Dr. Reginald Brothers

Dr. Reginald Brothers, DHS Under Secretary for Science and Technology

A new search-and-rescue technology developed in partnership by the Dept. of Homeland Security’s (DHS) Science and Technology Directorate (S&T) and the National Aeronautics and Space Administration‘s (NASA) Jet Propulsion Laboratory (JPL) has been used to rescue four men trapped under 10 feet of debris in Nepal.

Known as FINDER (Finding Individuals for Disaster and Emergency Response), the device uses microwave-radar technology to detect heartbeats of victims trapped in wreckage. Two prototype FINDER devices were deployed following the April 25 earthquake to support search and rescue teams.

“The true test of any technology is how well it works in a real-life operational setting,” DHS Under Secretary for Science and Technology Dr.
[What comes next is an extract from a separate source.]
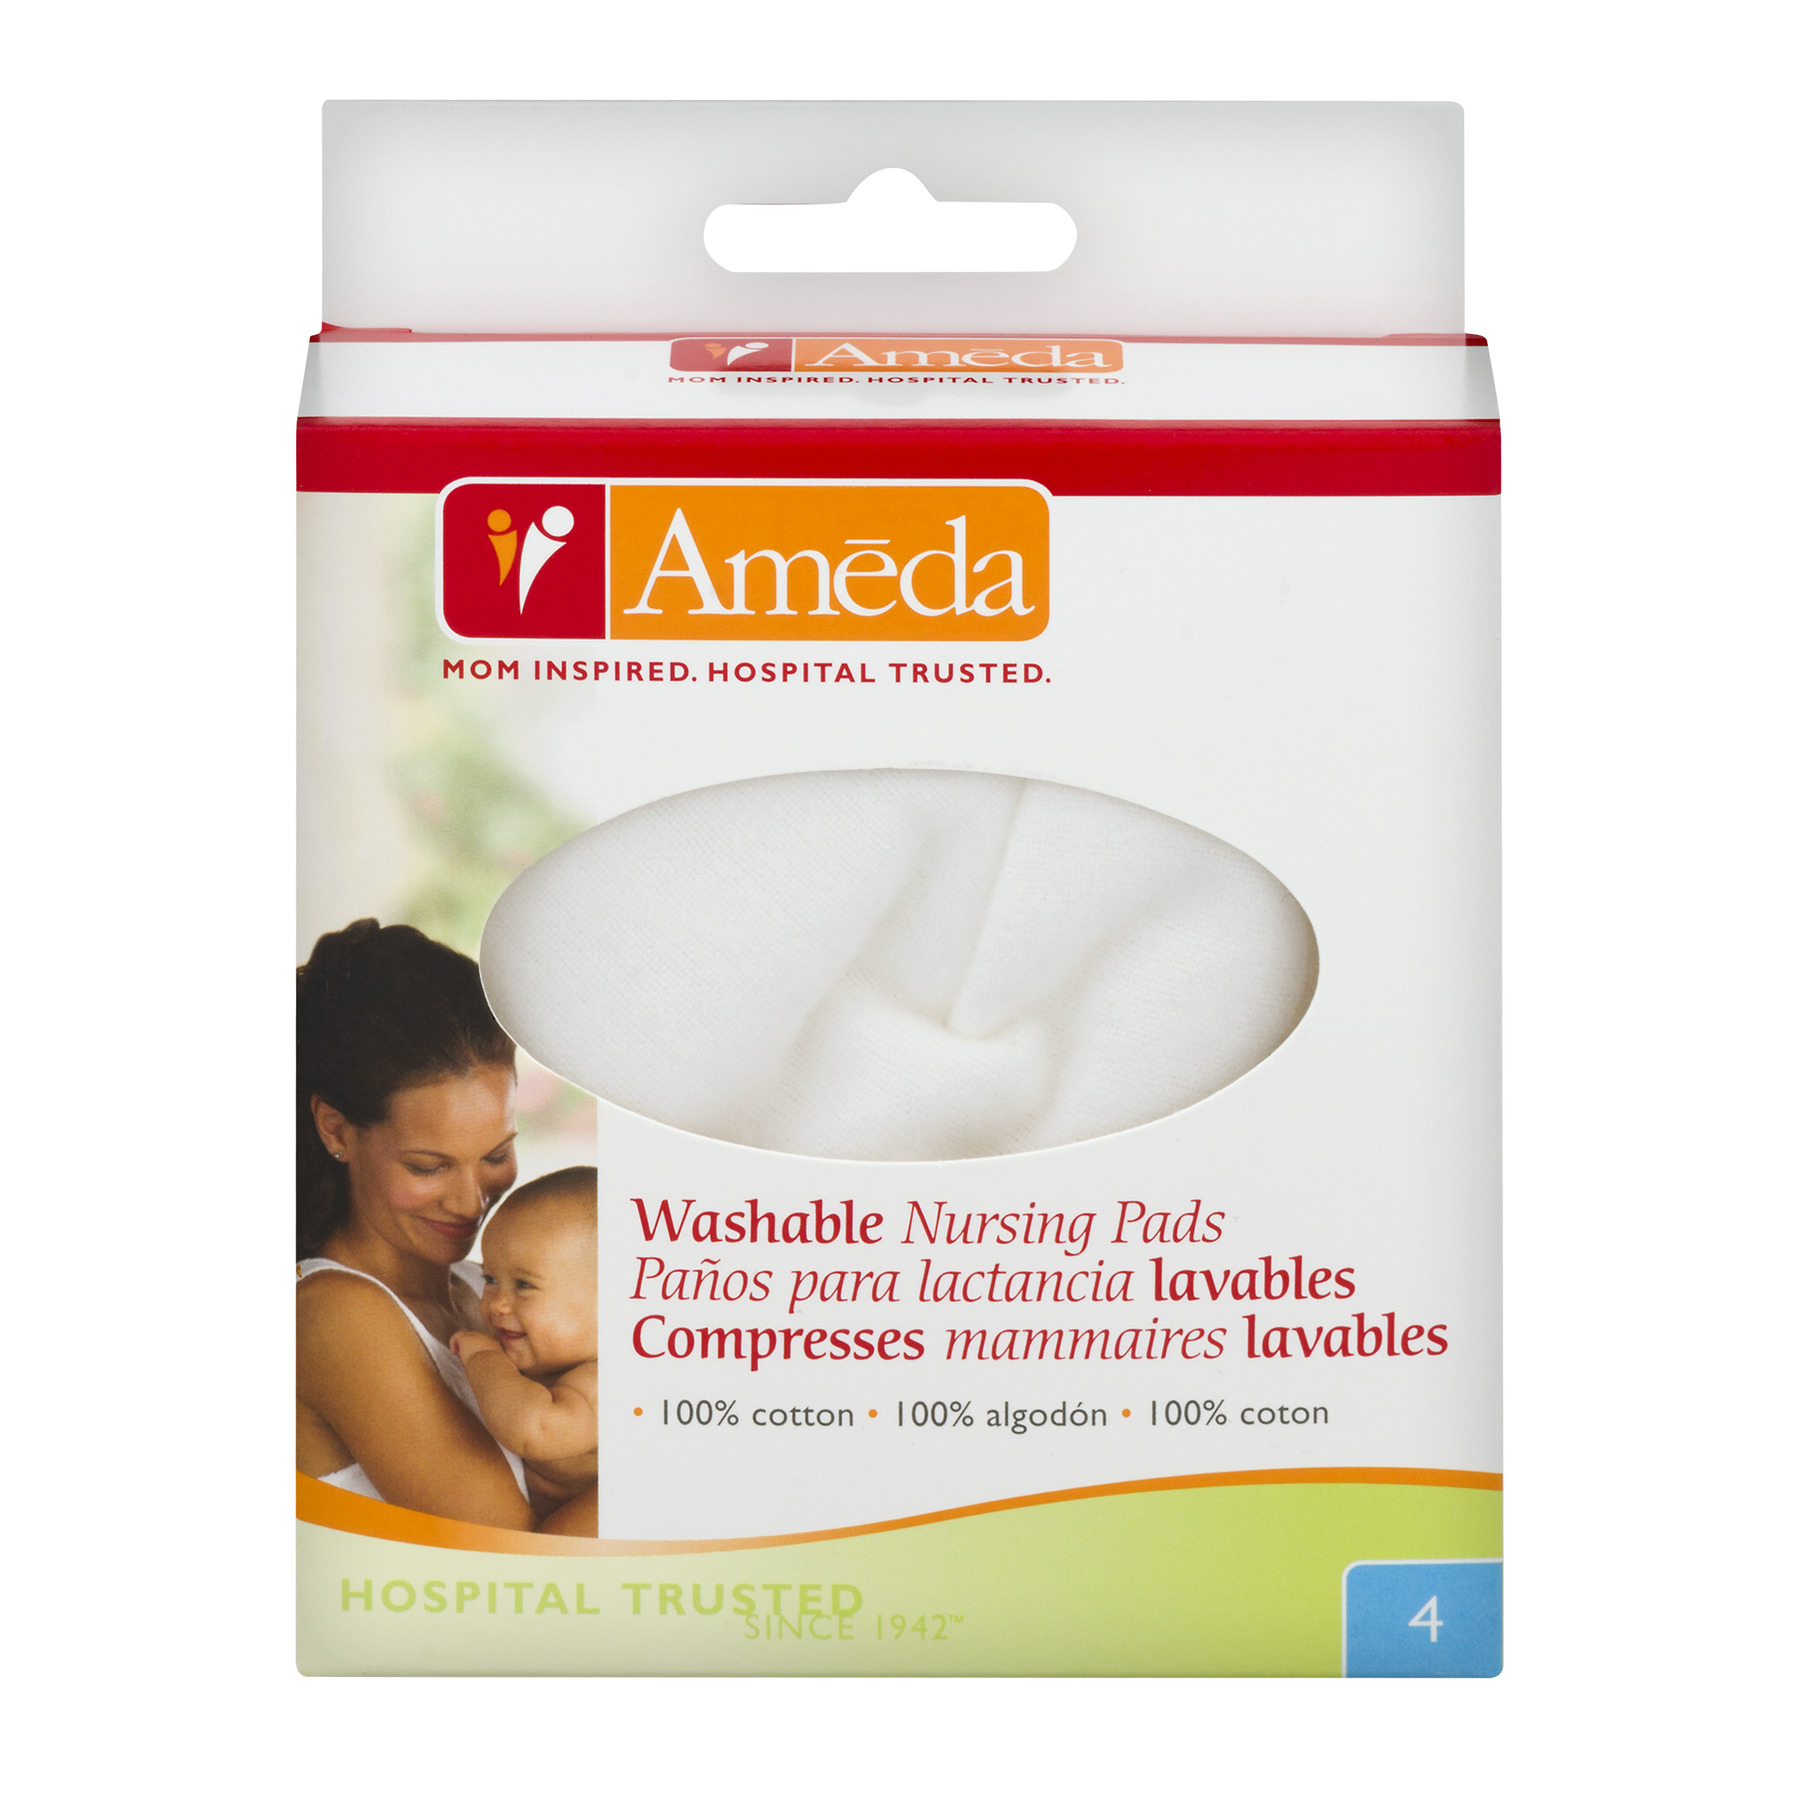 Ameda Washable Nursing Pads 4 CT4.0 CT by Ameda
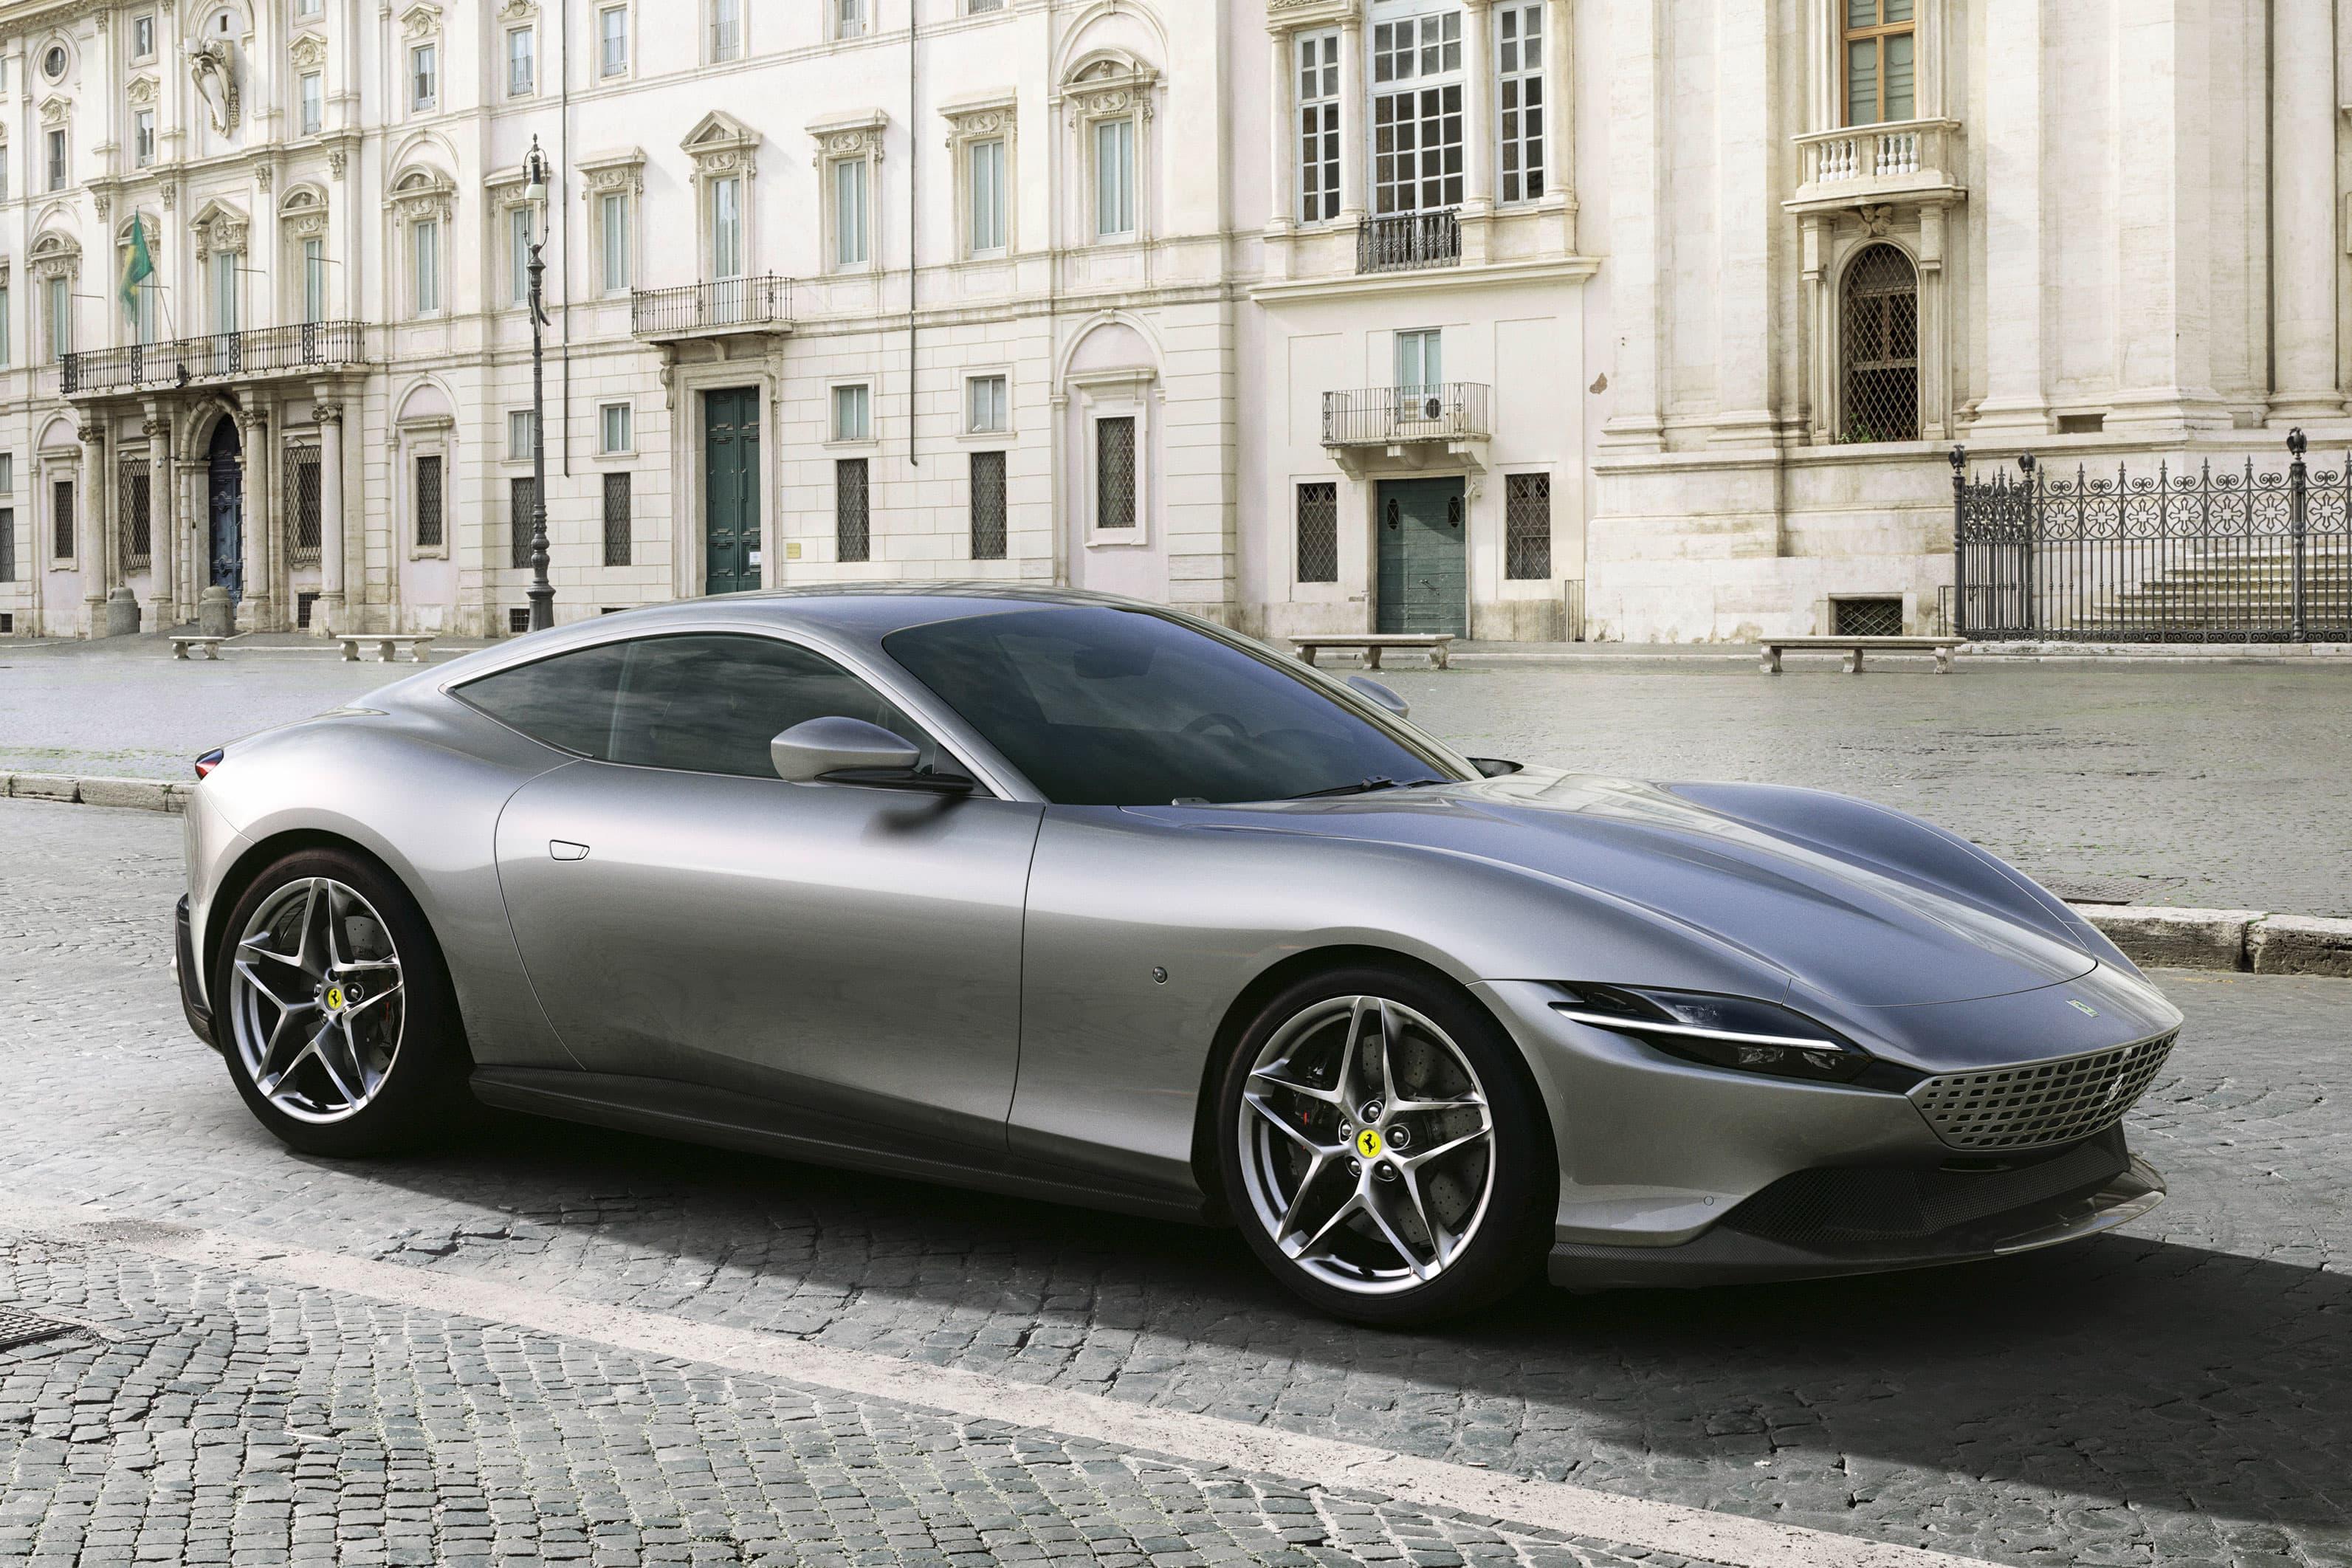 Ferrari unveils new 600,horsepower \u0027Roma\u0027 model

Reginald Brothers said. “Of course, no one wants disasters to occur, but tools like this are designed to help when our worst nightmares do happen. I am proud that we were able to provide the tools to help rescue these four men.”

“NASA technology plays many roles: driving exploration, protecting the lives of our astronauts and improving — even saving — the lives of people on Earth,” NASA’s chief technologist at NASA Headquarters in Washington Dr. David Miller said. “FINDER exemplifies how technology designed for space exploration has profound impacts to life on Earth.”

FINDER has previously demonstrated capabilities of detect people buried under up to 30 feet of rubble, hidden behind 20 feet of solid concrete and from a distant of 100 feet in open spaces. A new “locator” feature has since been added to not only provide search and rescue responders with confirmation of a heartbeat, but also the approximate location of trapped individuals within about five feet, depending on the type of rubble.